Il presidente della Regione Puglia, Michele Emiliano, magistrato in aspettativa, voterà “no” al referendum sulla riforma della giustizia.

Lo ha annunciato lo stesso governatore pugliese a margine delle celebrazioni per il 4 novembre, Giorno dell’Unità nazionale e Giornata delle Forze armate, che si è svolta stamattina al Sacrario militare dei Caduti d’Oltremare a Bari.

«Sono contrario allo spirito della riforma e anche ai suoi modi – ha affermato Emiliano -, perché la si fa cercando di indebolire sia i giudici sia i pubblici ministeri, che si riducono ad accusatori di professione per i quali il successo corrisponde solo alla condanna dell’imputato». Per Emiliano «si pongono le premesse per la sottoposizione dell’organo dell’accusa all’esecutivo, è un disastro che i padri costituenti non vollero e che nessuno dovrebbe perpetrare. Io stesso – ha spiegato – ho subito tante indagini. Le ho subite in silenzio, ho aspettato che un giudice mi assolvesse e non ho pensato alla riforma della giustizia perché qualcuno mi aveva fatto un processo».

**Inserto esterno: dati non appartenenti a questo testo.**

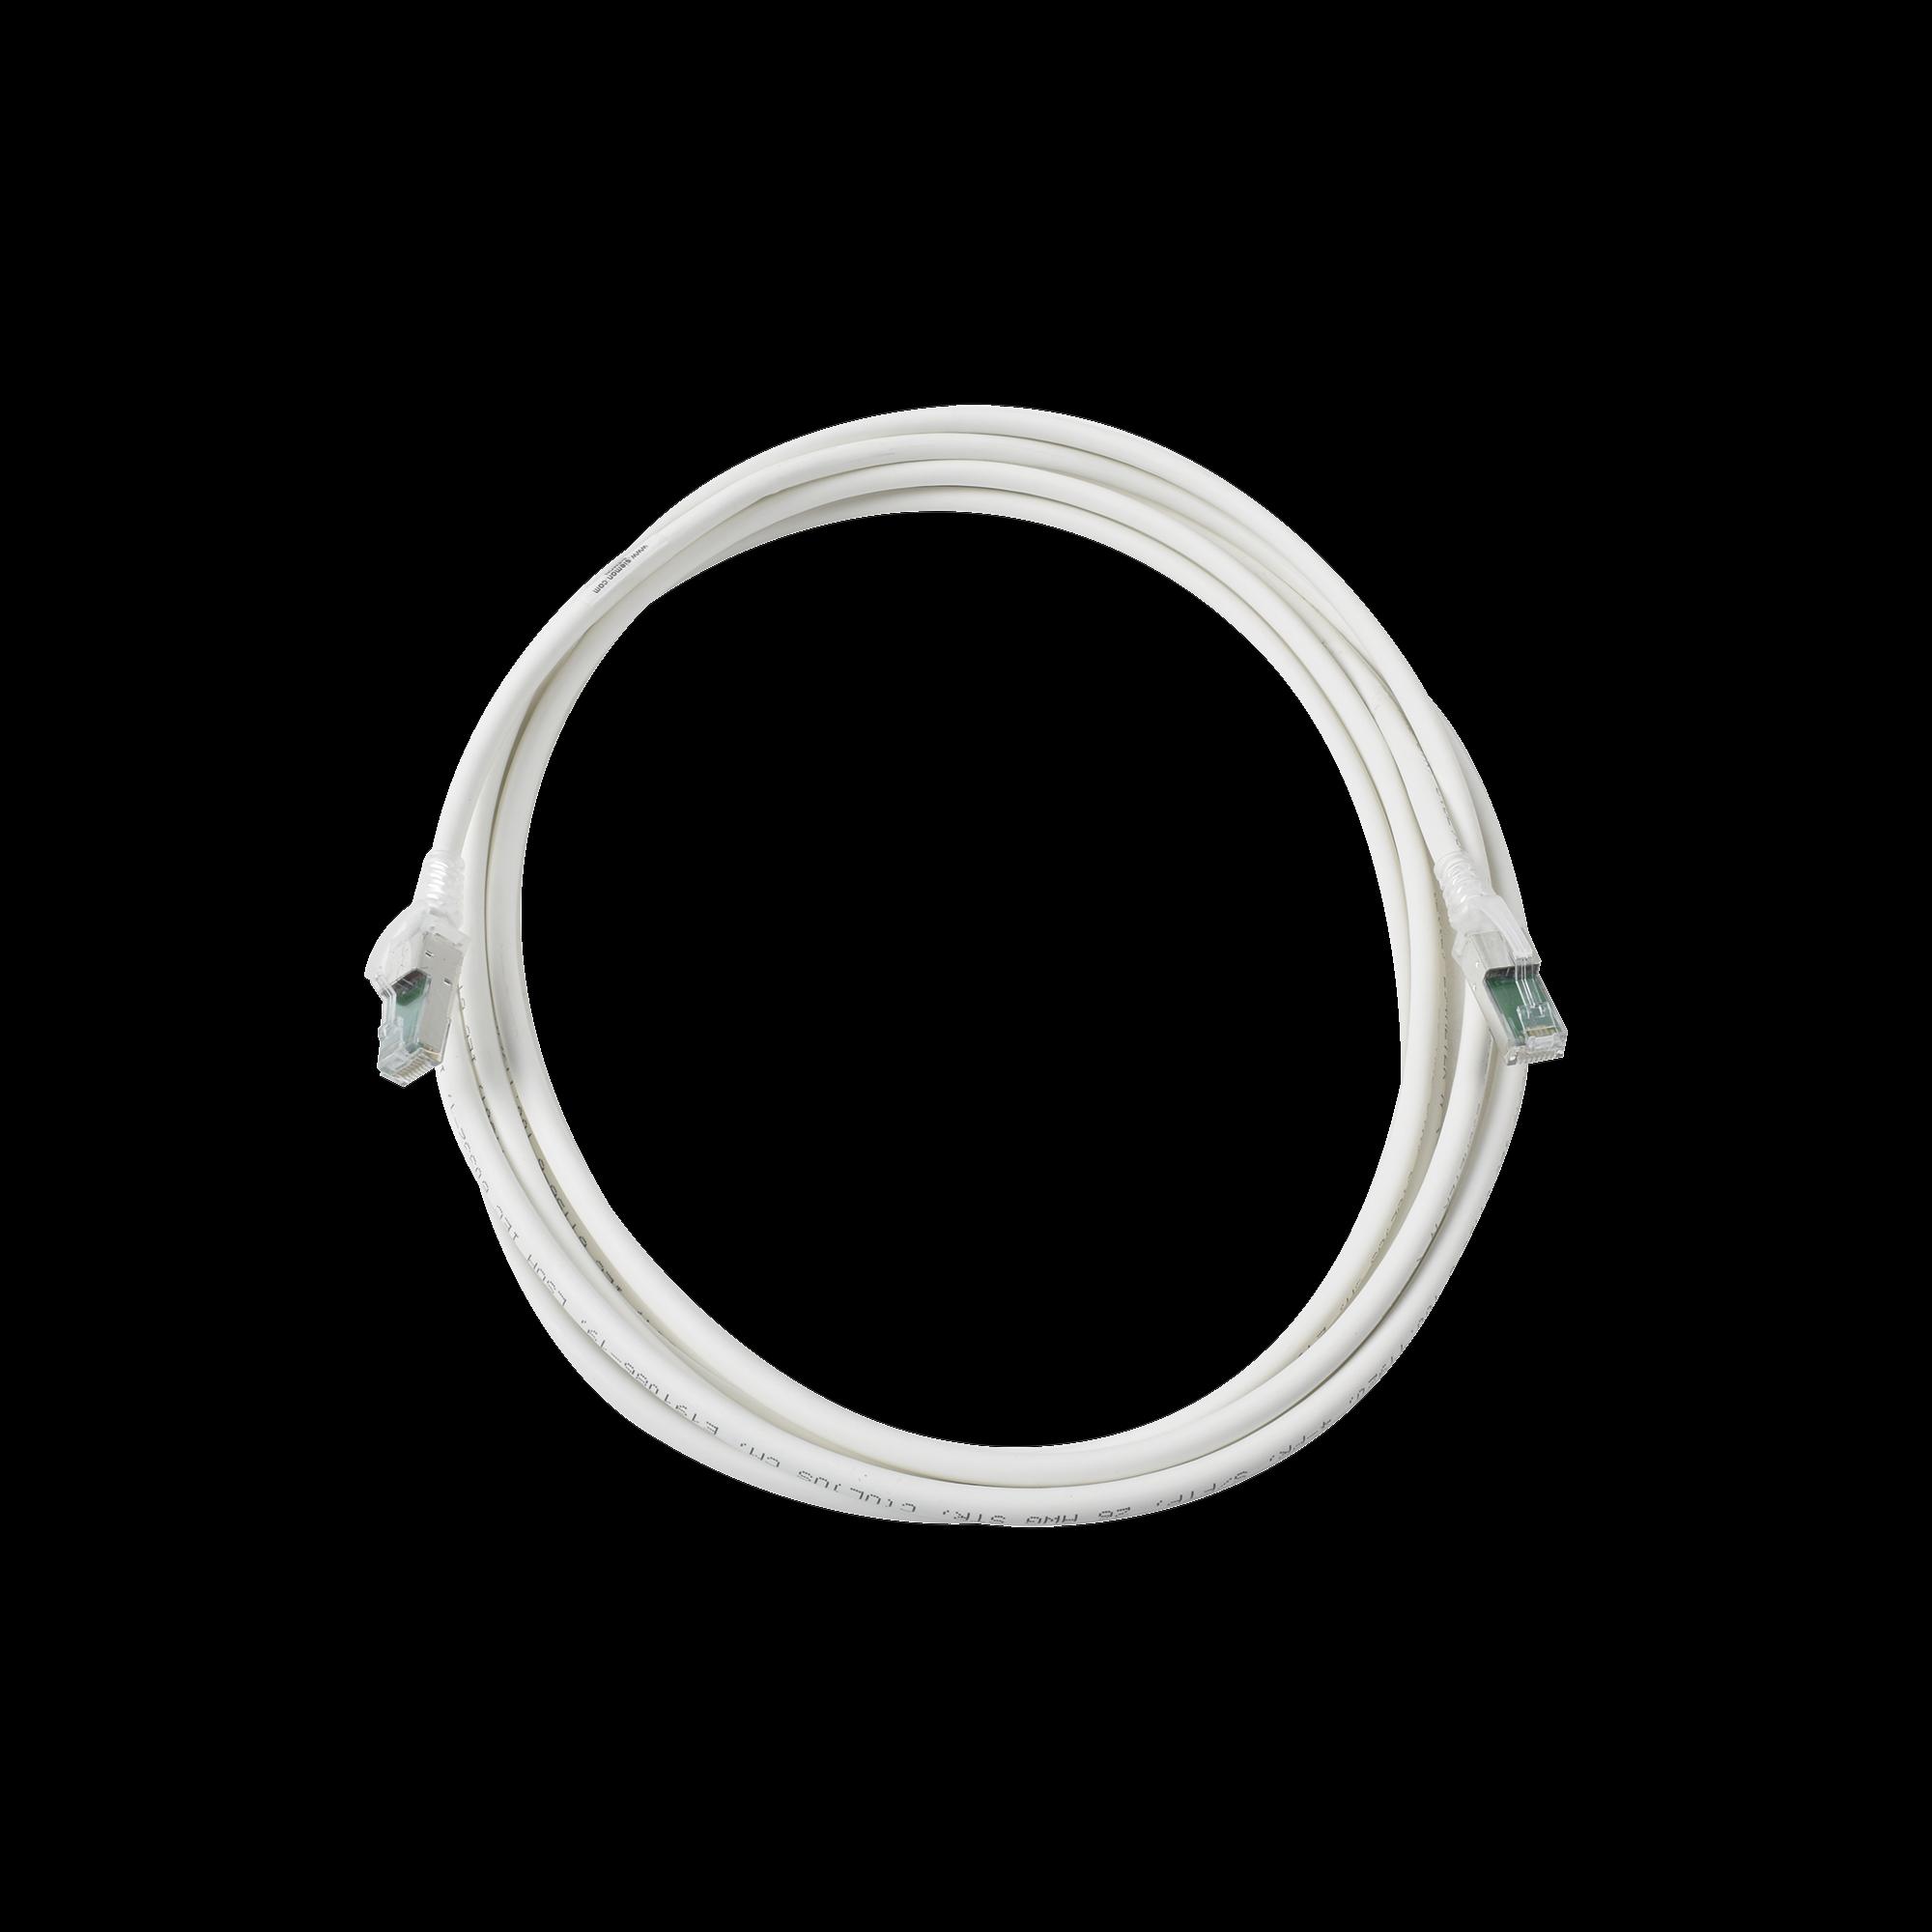 Patch Cord Z-MAX Cat6A S/FTP, CM/LS0H, 20ft, Color Blanco, Versión Bulk (Sin Empaque Individual)

Emiliano ha evidenziato che «purtroppo la giustizia commette tanti errori ma non è separando le carriere che si diminuiscono. Ma dando i mezzi. Questa riforma non accelererà i processi, non renderà più facile la vita degli imputati, quindi non serve assolutamente a nulla, è solo una vendetta che viene perpetrata postuma».

«Falcone? Era per l’indipendenza della magistratura. Non si chiamano a testimoniare i morti»

A chi gli chiedeva un commento sull’attribuzione a Giovanni Falcone e Paolo Borsellino dell’appoggio all’idea della separazione delle carriere dei magistrati, Emiliano ha risposto: «Io per fortuna ho conosciuto quegli uomini, in questo momento parlare di loro è una cosa che non si fa. Non si chiamano a testimonianza i morti, soprattutto quando i morti non possono specificare il loro pensiero».

Il governatore pugliese ha ricordato che «tutti noi sappiamo che Falcone era per l’autonomia e l’indipendenza della magistratura e che non avrebbe mai accettato un pubblico ministero sperduto nell’universo e sottoposto alla pressione della politica».